WHAT IS EXPECTED |
Could you repeat the whole listing below exactly, omitting any picture it holds?

SOURCE MATERIAL |

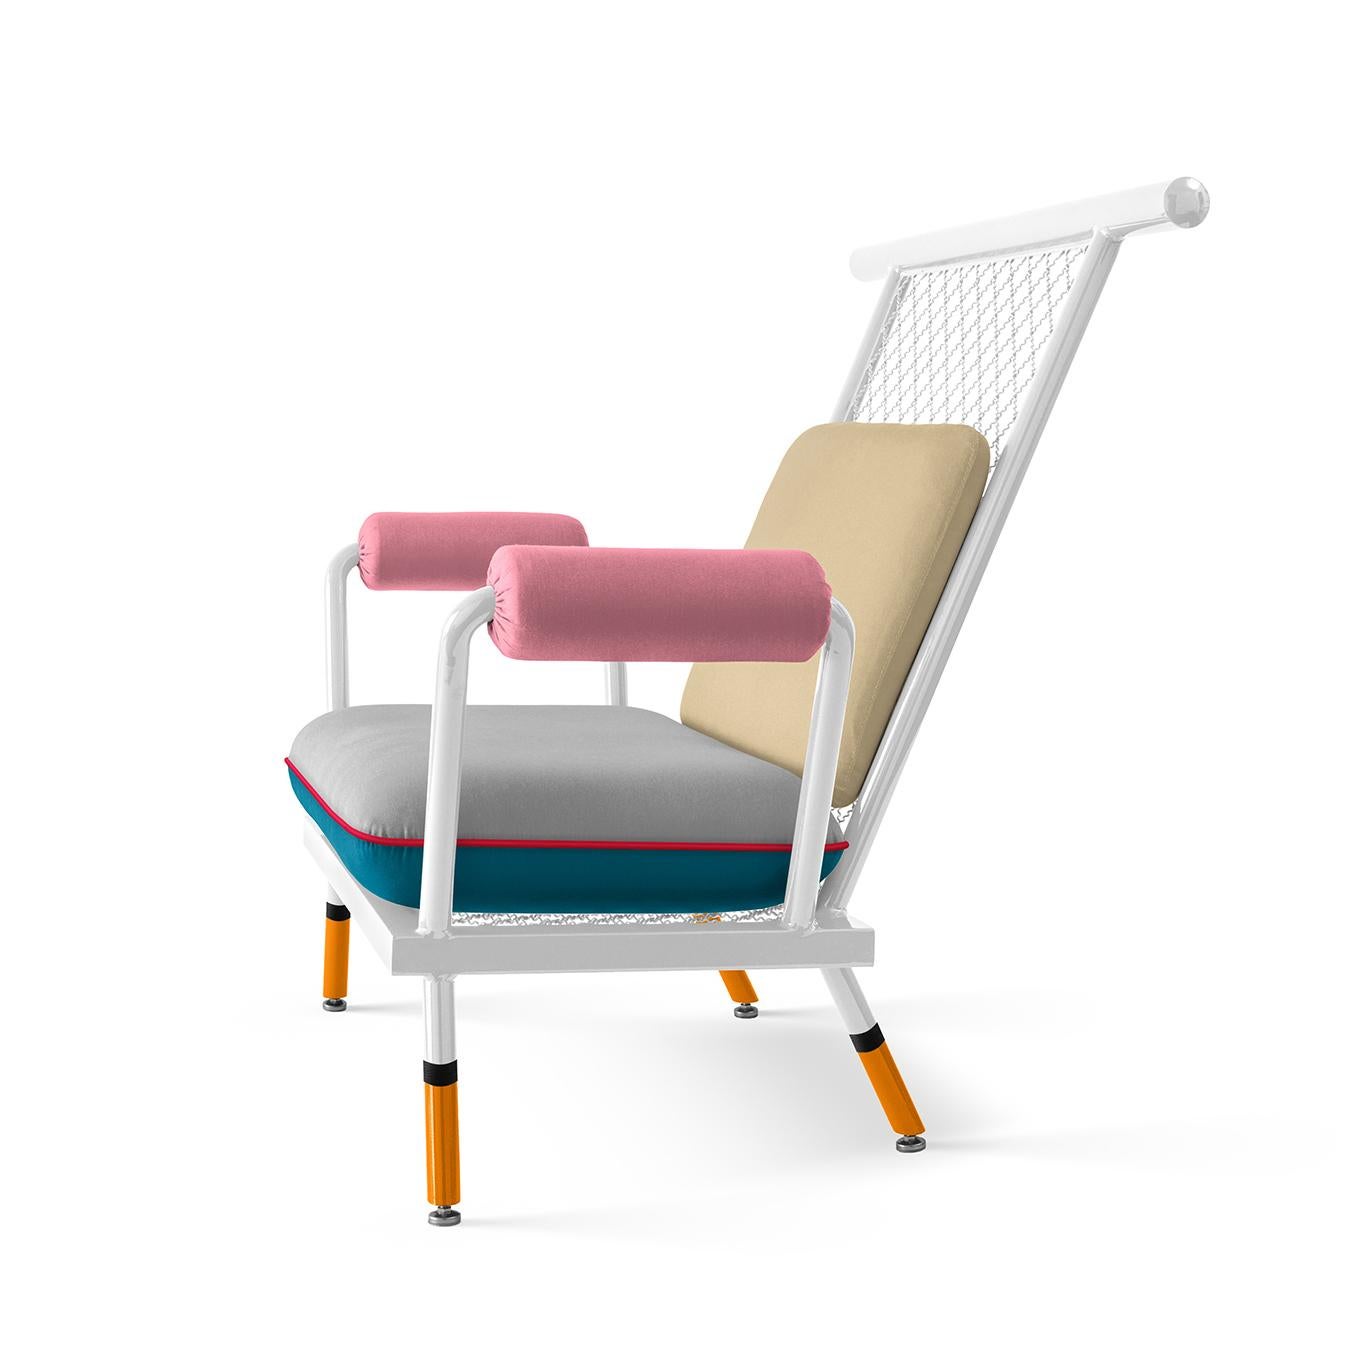 Honorable mention by European Product Design Award: Home Interior Products Category.

The main inspiration for PK6 chair comes from standard metal structures used for secondary architectural projects.
This project transforms industrial profiles

ANSWER BOX |
 Honorable mention by European Product Design Award: Home Interior Products Category.

The main inspiration for PK6 chair comes from standard metal structures used for secondary architectural projects.
This project transforms industrial profiles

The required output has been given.